__DATASET EXTRACT__
********

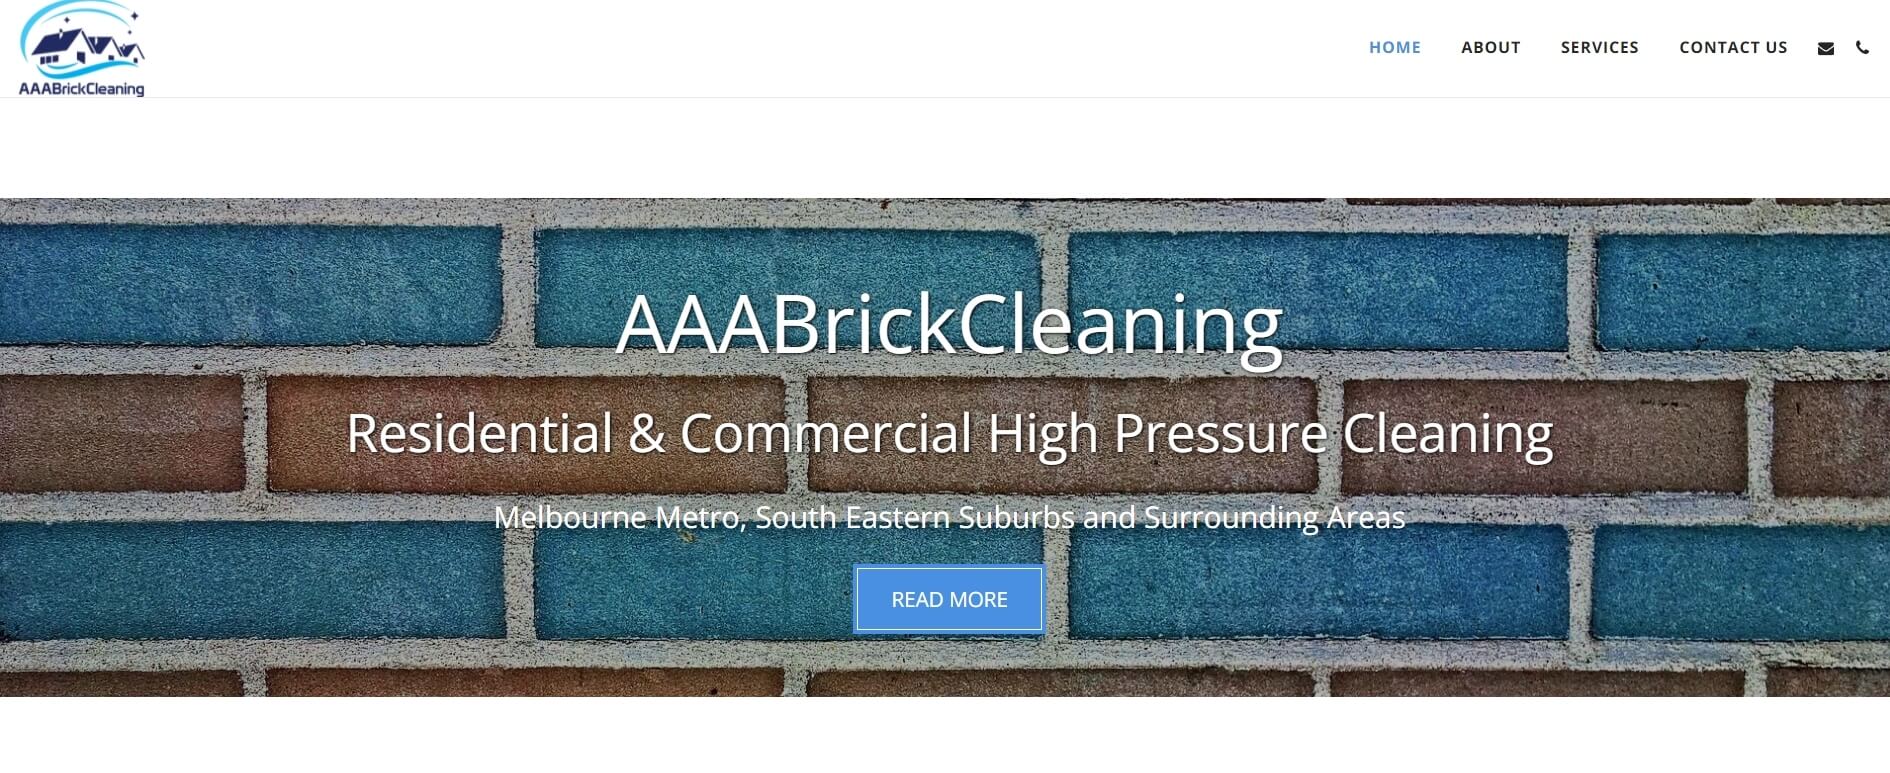 AAA Brick Cleaning
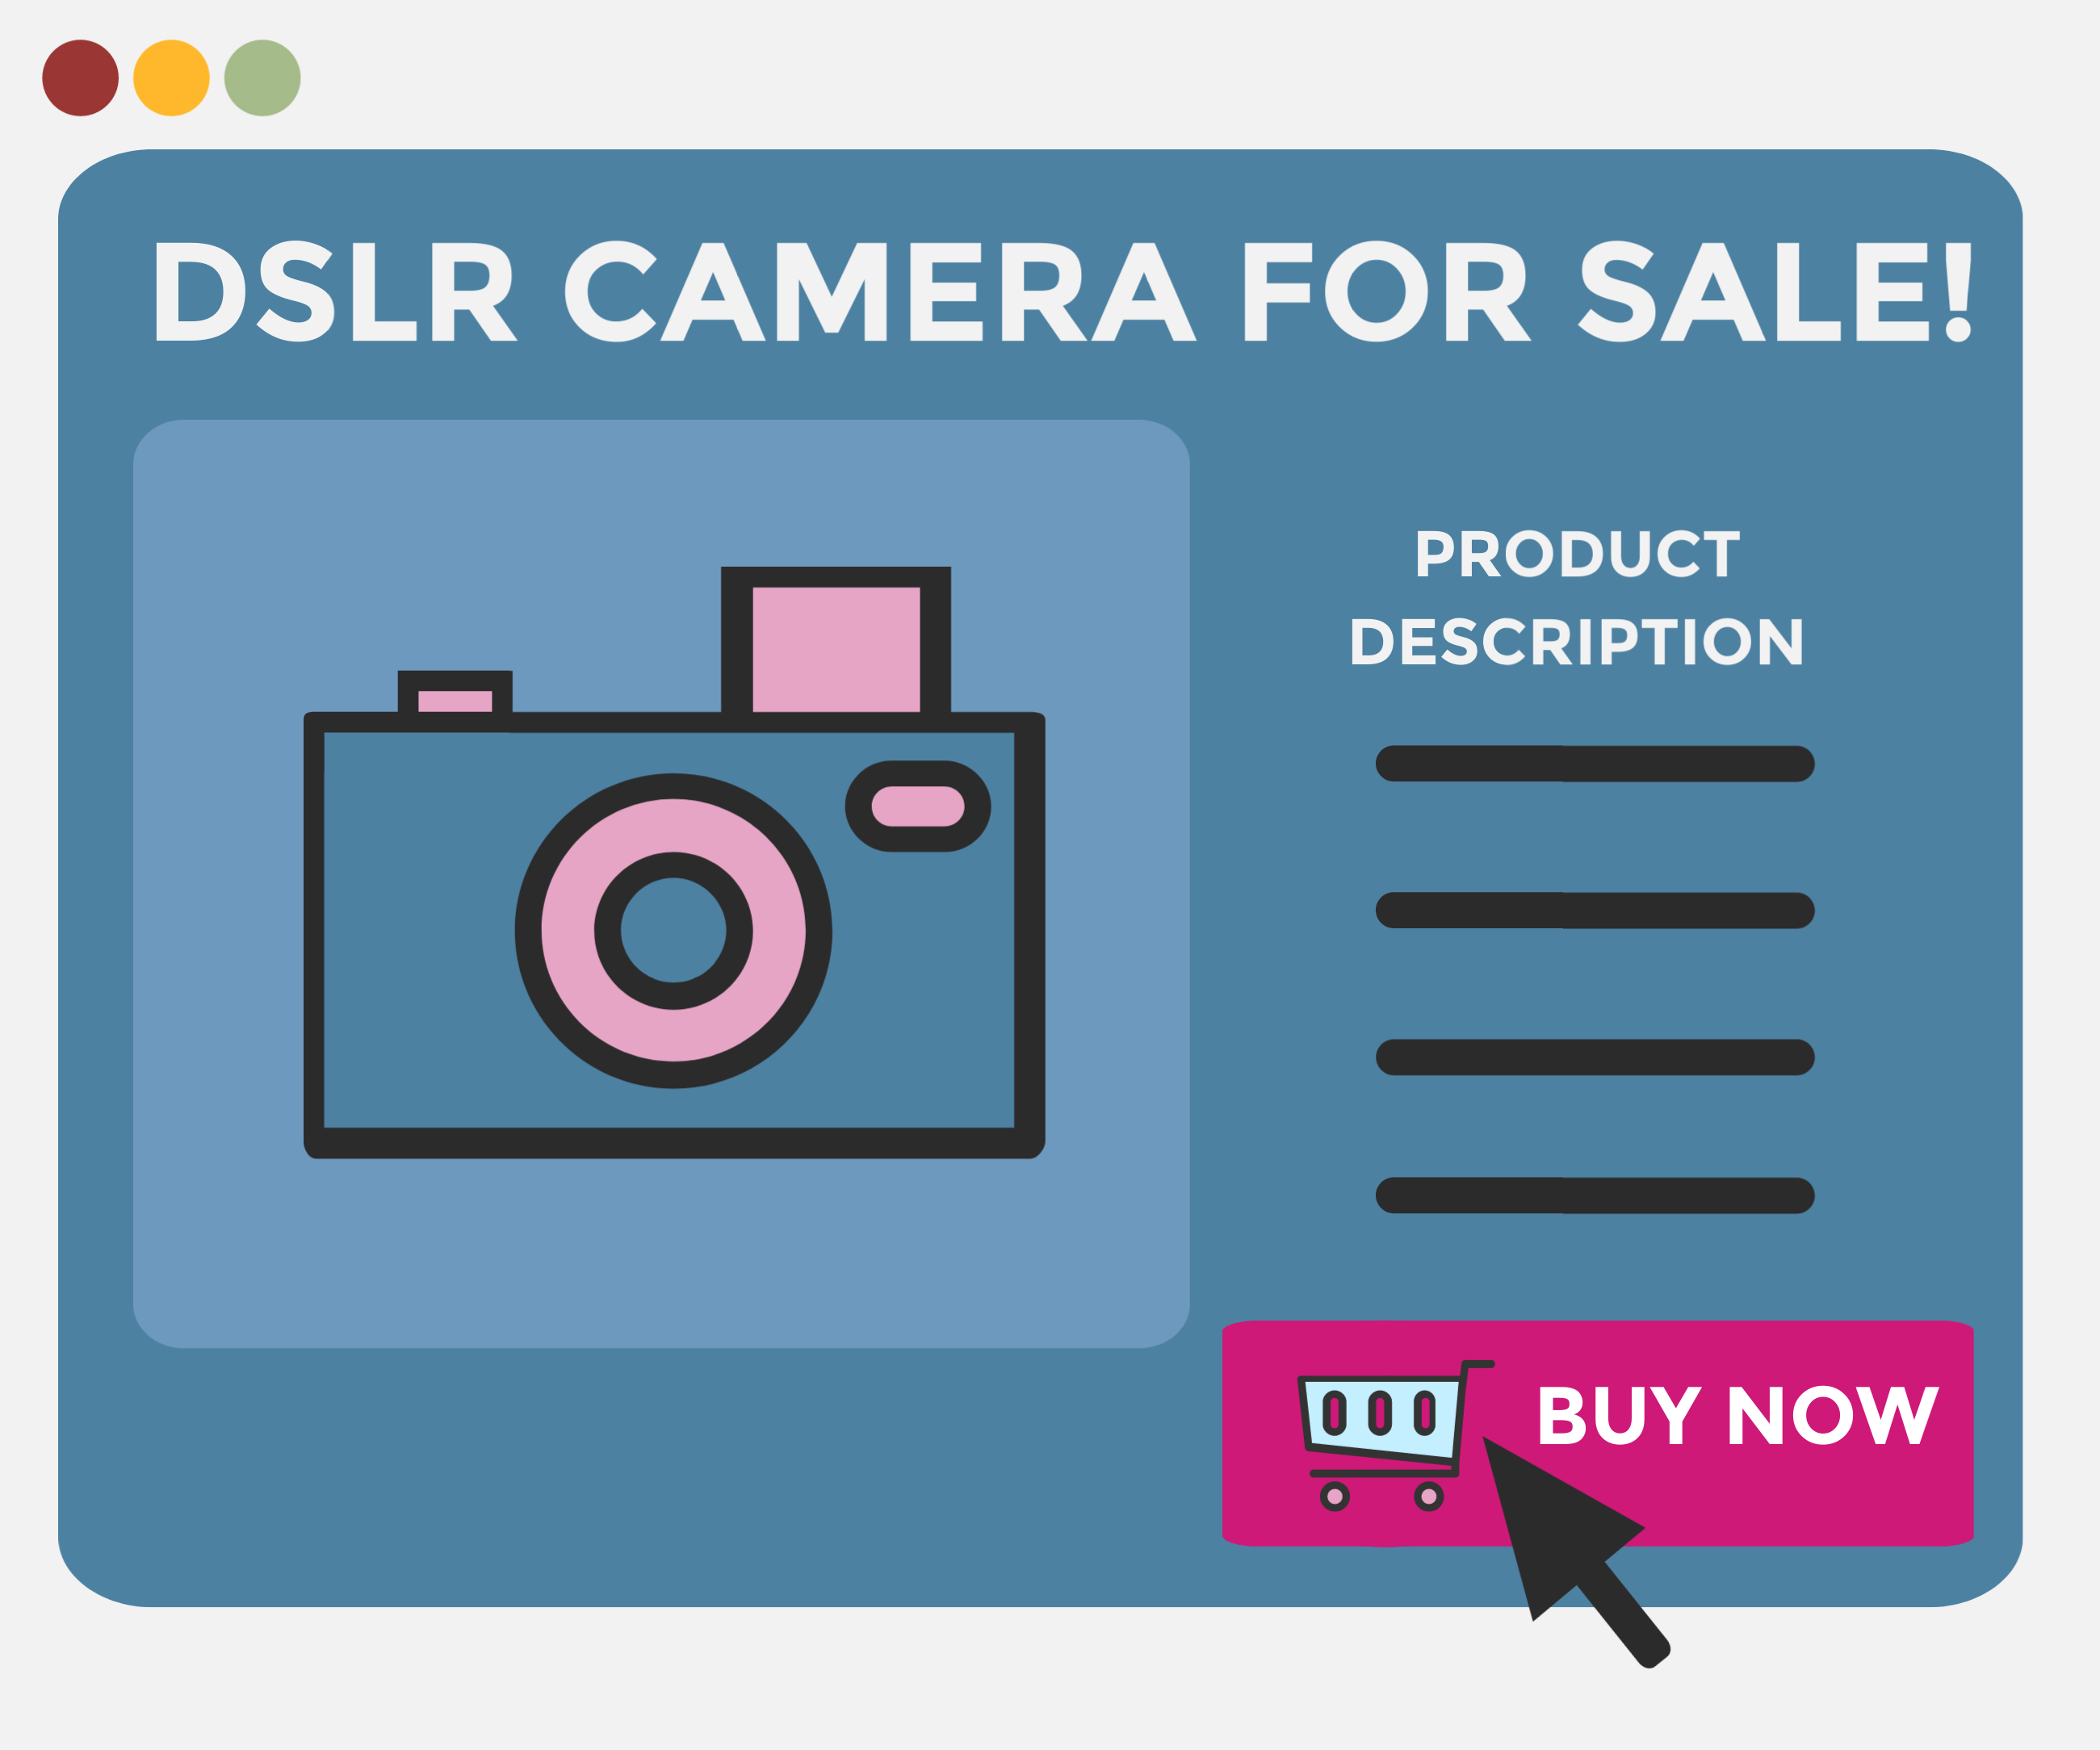 A good camera product description always leads to an increase in sales conversion ContentWriters
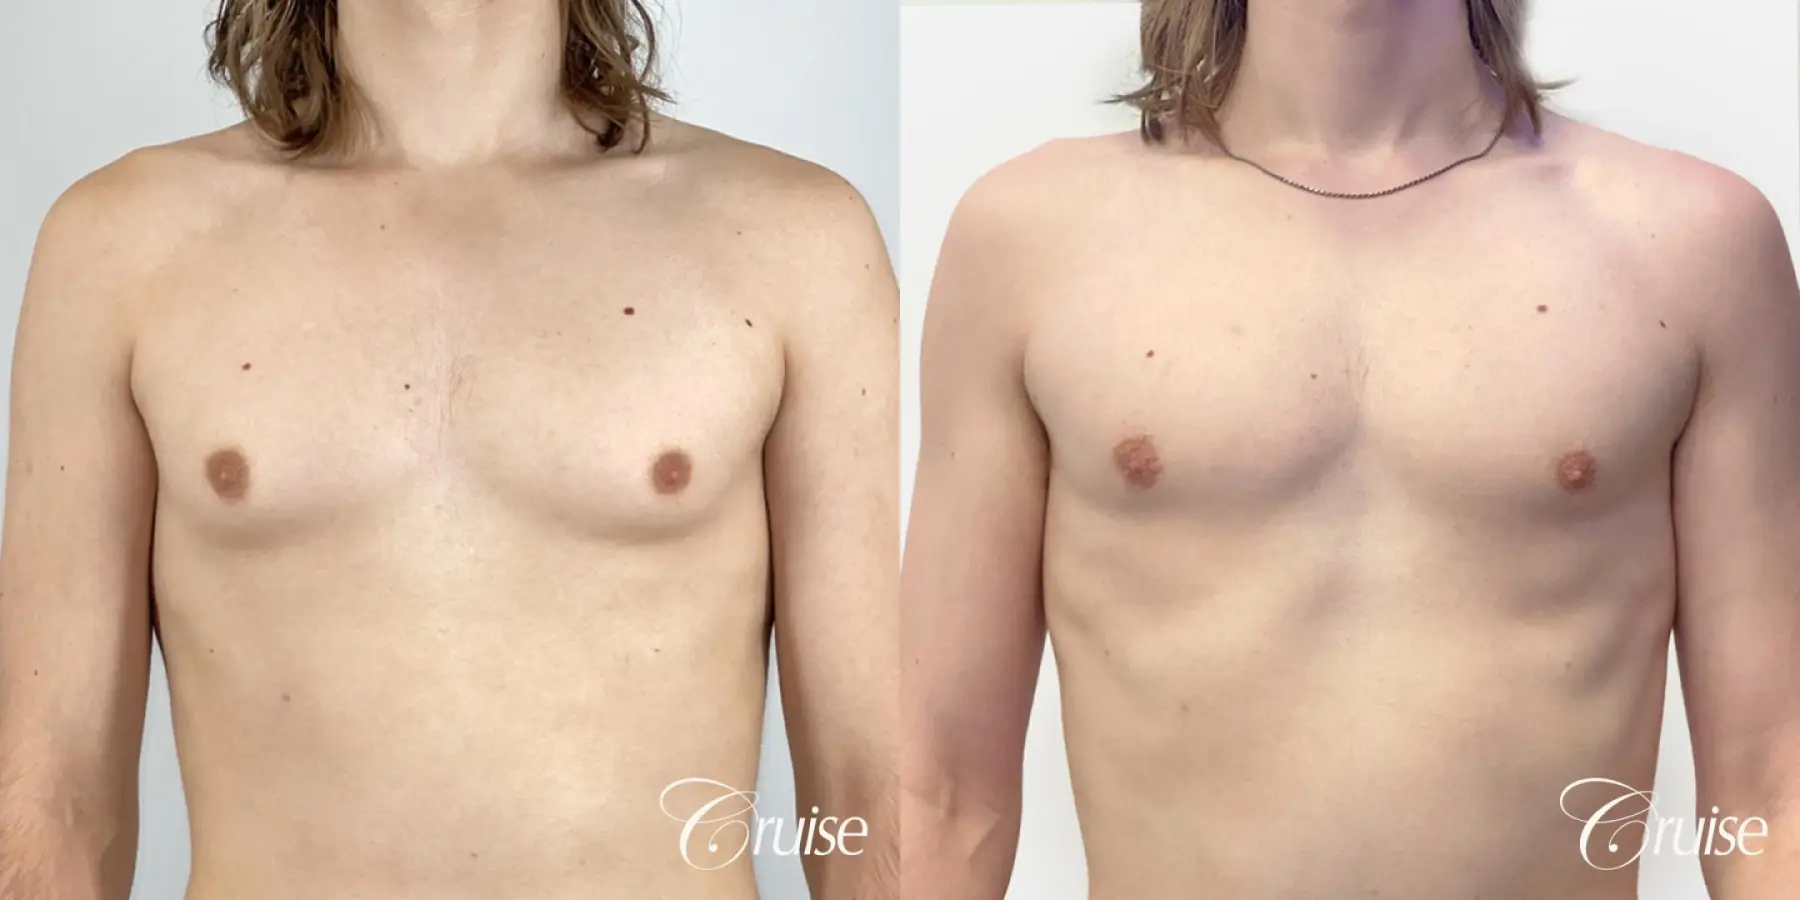 Type 1 Gynecomastia Removal - Before and After

********

__WHAT YOU NEED TO DO__
The reply should contain every line of the material exactly, and no images.

__ANSWER BELOW__
 AAA Brick Cleaning
 A good camera product description always leads to an increase in sales conversion ContentWriters
 Type 1 Gynecomastia Removal - Before and After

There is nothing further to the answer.